The delay in launching its derivatives and the supply bottlenecks it subsequently faced haven’t helped. Cronos’ 40,000-kilo limited production potential also meant that the company had to place all its bets on derivates. This gamble hasn’t paid off. With a market cap of around $4 billion, Cronos Group could only generate $33.8 million in sales throughout 2020. Abysmal or impressive? We’ll let you be the judge.
Sundial Growers (NASDAQ: SNDL)
A cannabis stock price of less than $1 qualifies Sundial Growers as a penny stock. However, this does not spare it from harsh criticism from Wall Street experts. Analysts jointly believe that Sundial will be down by at least 58%. This marijuana company has a market cap of around $700 million, which experts consider too high for a company with a stock price below $1.

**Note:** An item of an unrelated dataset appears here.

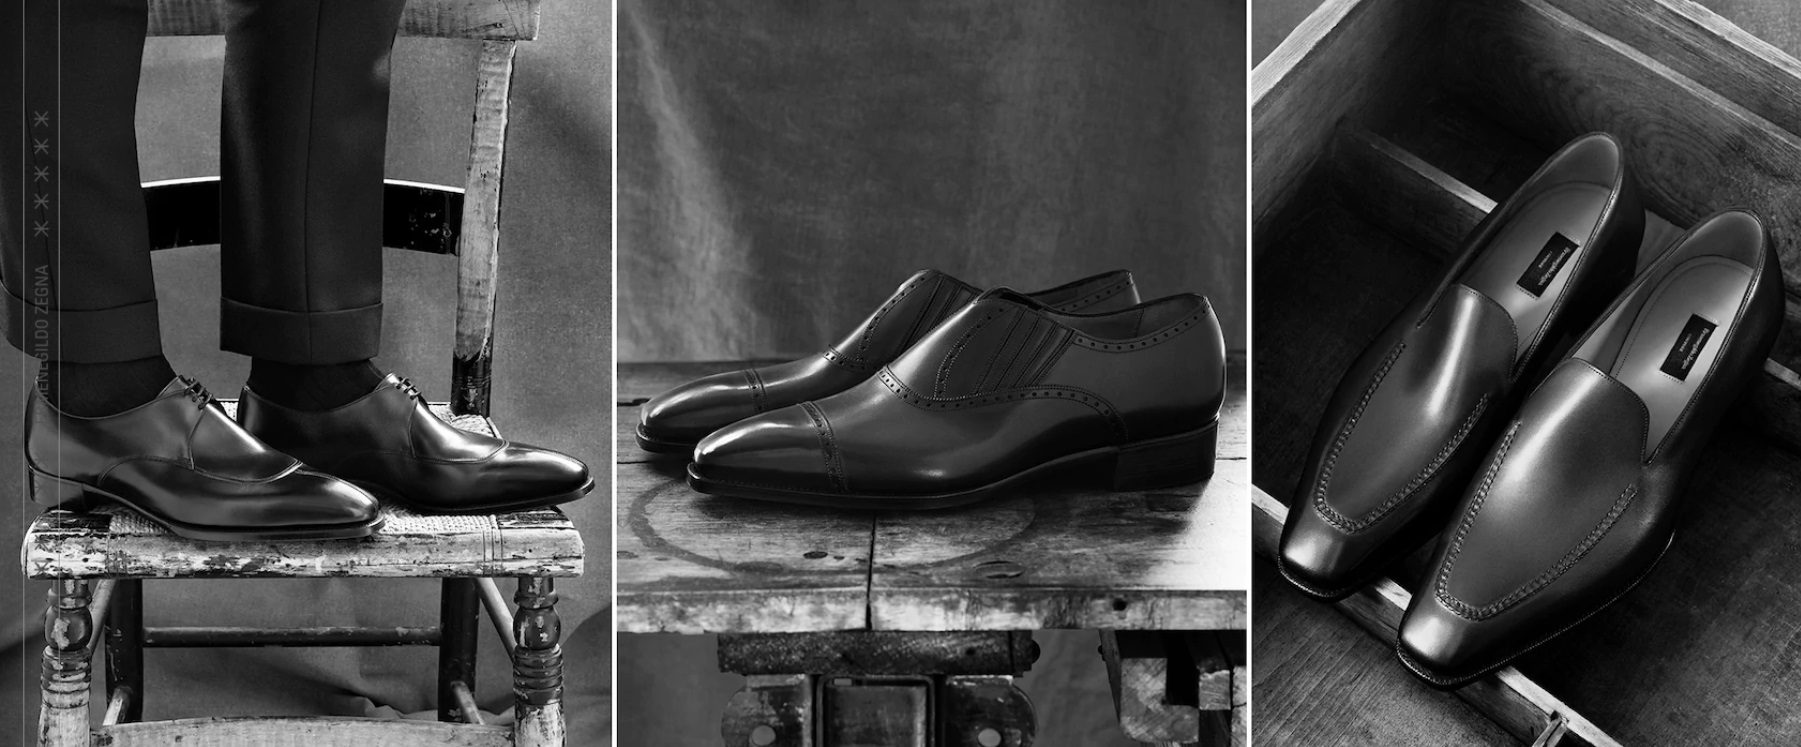 Мужской шоппинг в Милане: коллекция мужской обуви на заказ, ERMENEGILDO ZEGNA.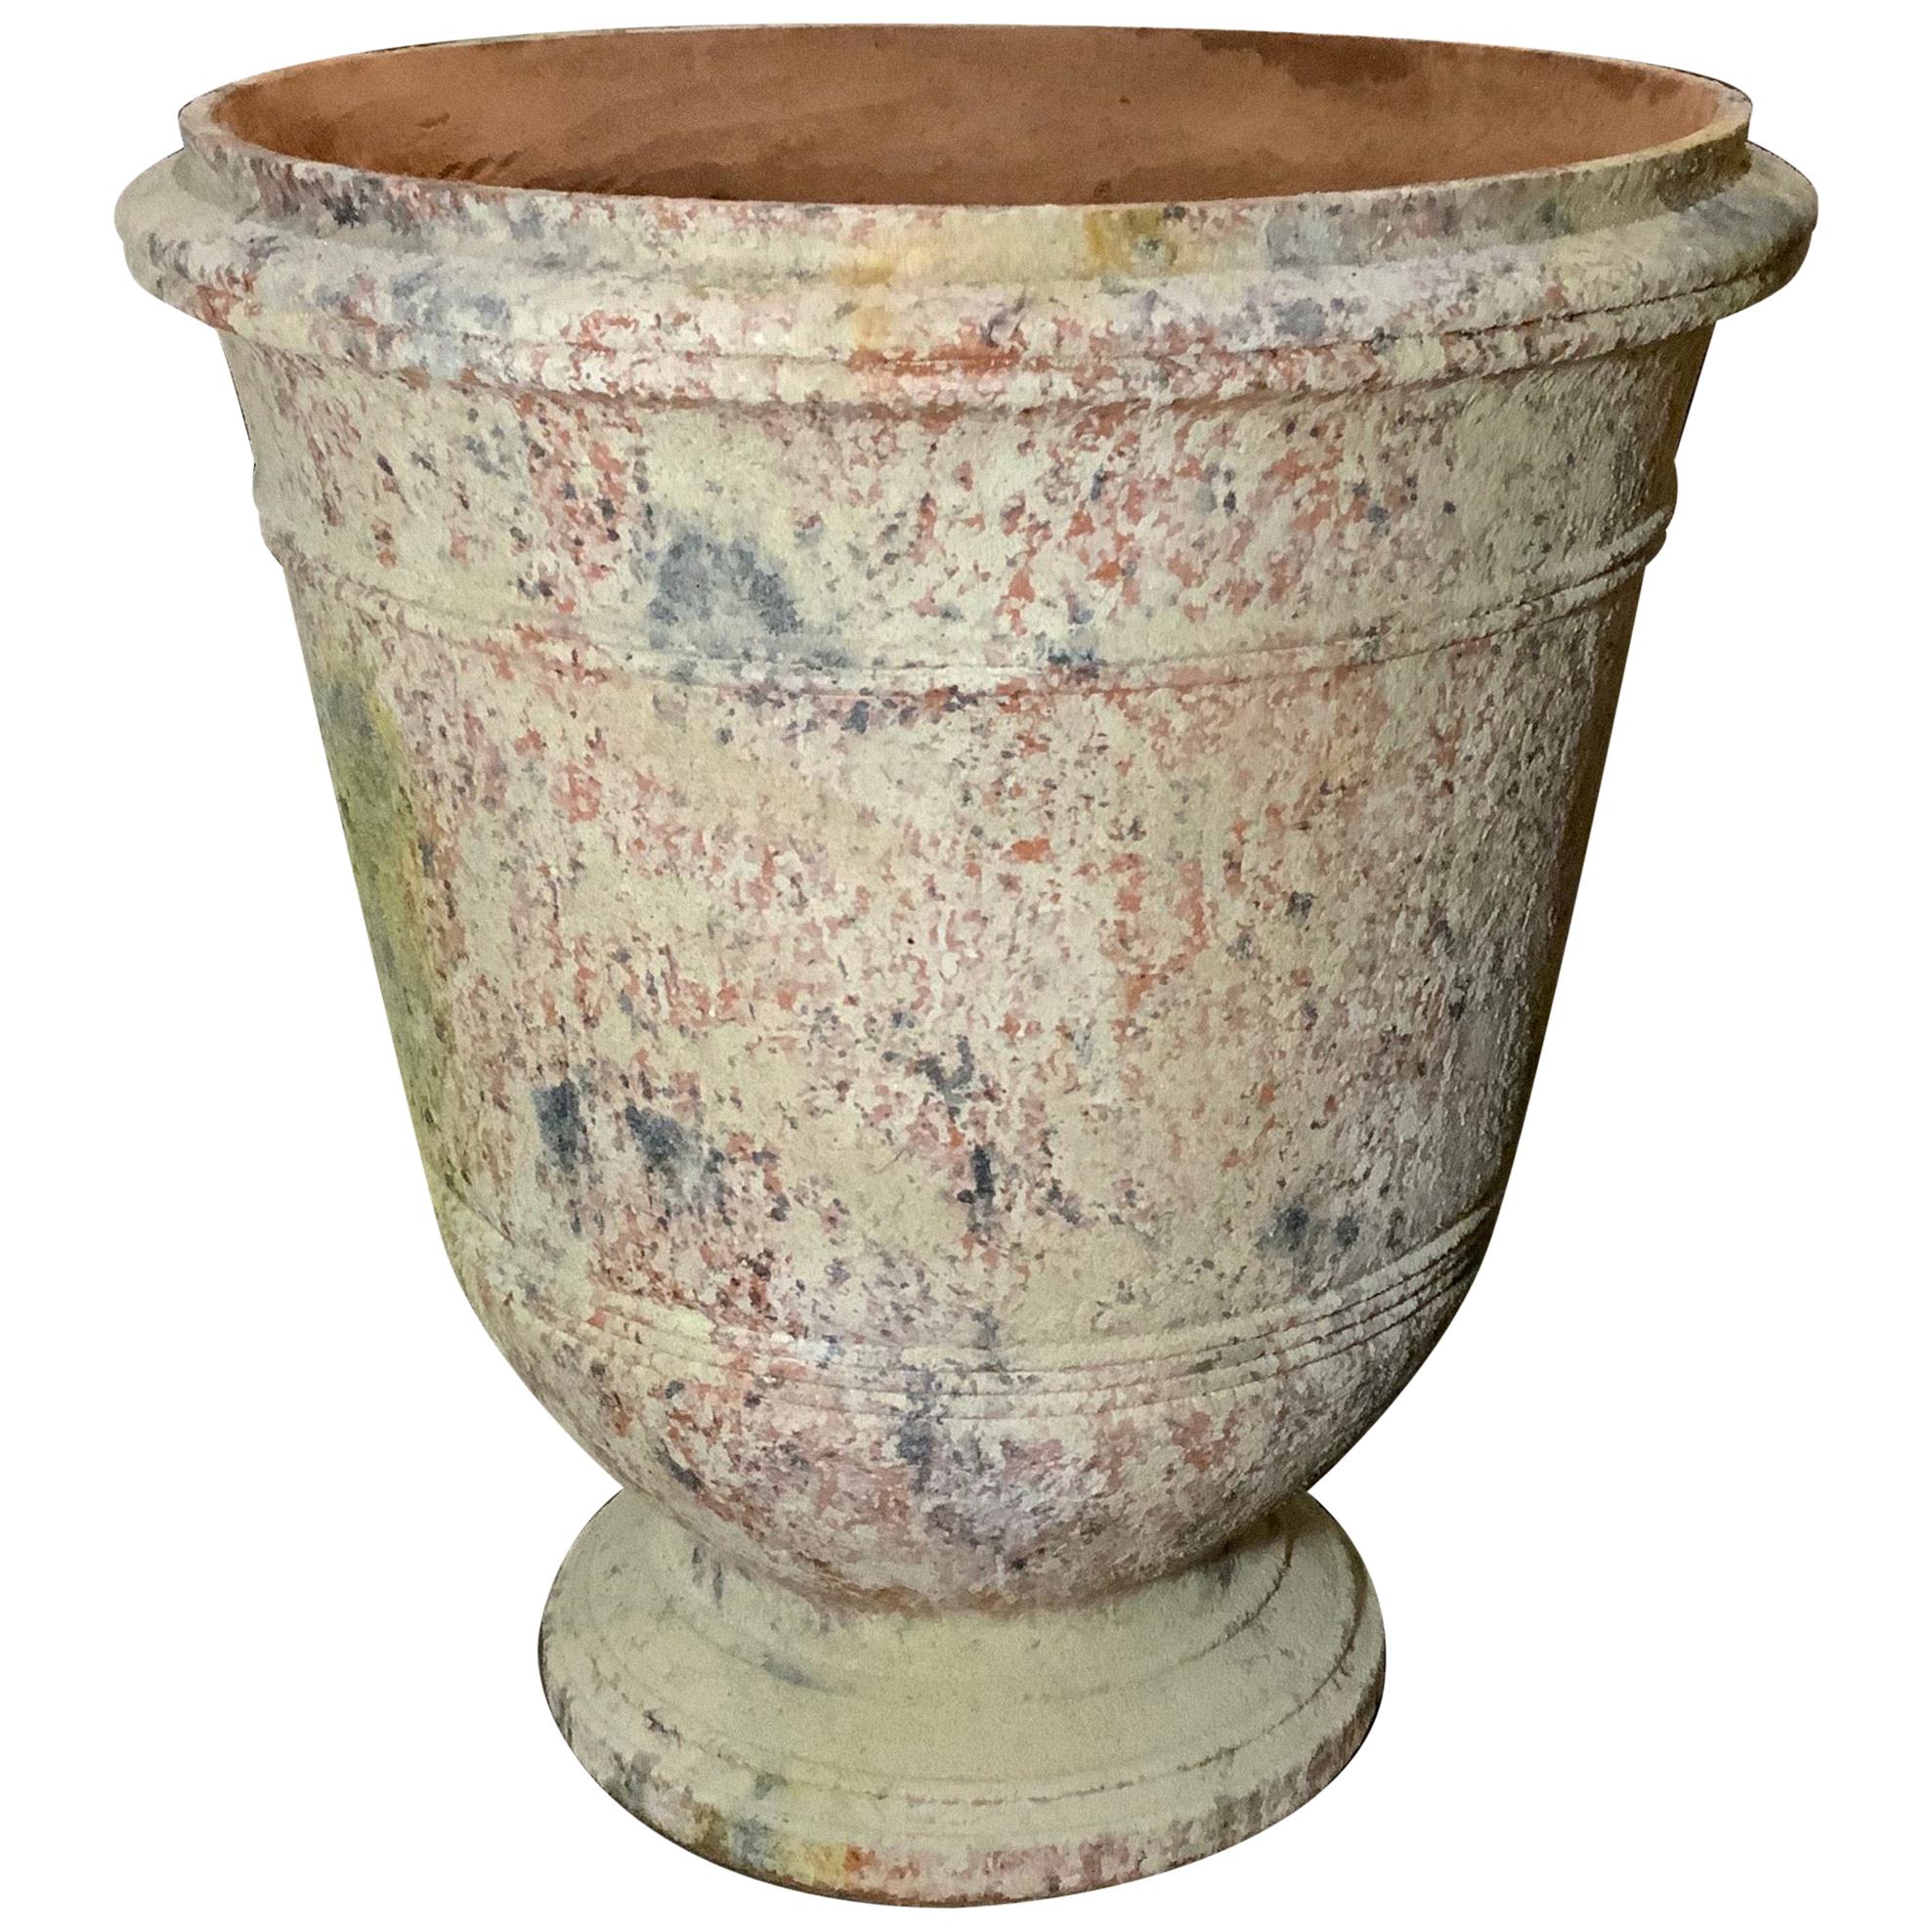 Handgefertigte Terrakotta-Urne aus der Provence

One key issue identified by experts about Sundial is that it’s currently transitioning from a low-margin wholesale strategy to a higher-margin retail model. This has ultimately led to ongoing losses for Sundial Growers.
Also, experts believe Sundial Growers is nowhere near profitability and isn’t guaranteed to survive in the long-term. Finally, Sundial Growers’ weed stock valuation of less than $1 is insufficient for it to remain listed on the NASDAQ. Consequently, it might need to enact a reverse split to remain on the exchange.
The wrap up
The decision to invest or take risks is squarely down to an investor. The marijuana industry is rapidly evolving and a lot can change for these businesses highlighted this year. Notwithstanding, Wall Street experts project that unless drastic changes are made to these marijuana stocks, they’re likely to lose money for investors this year.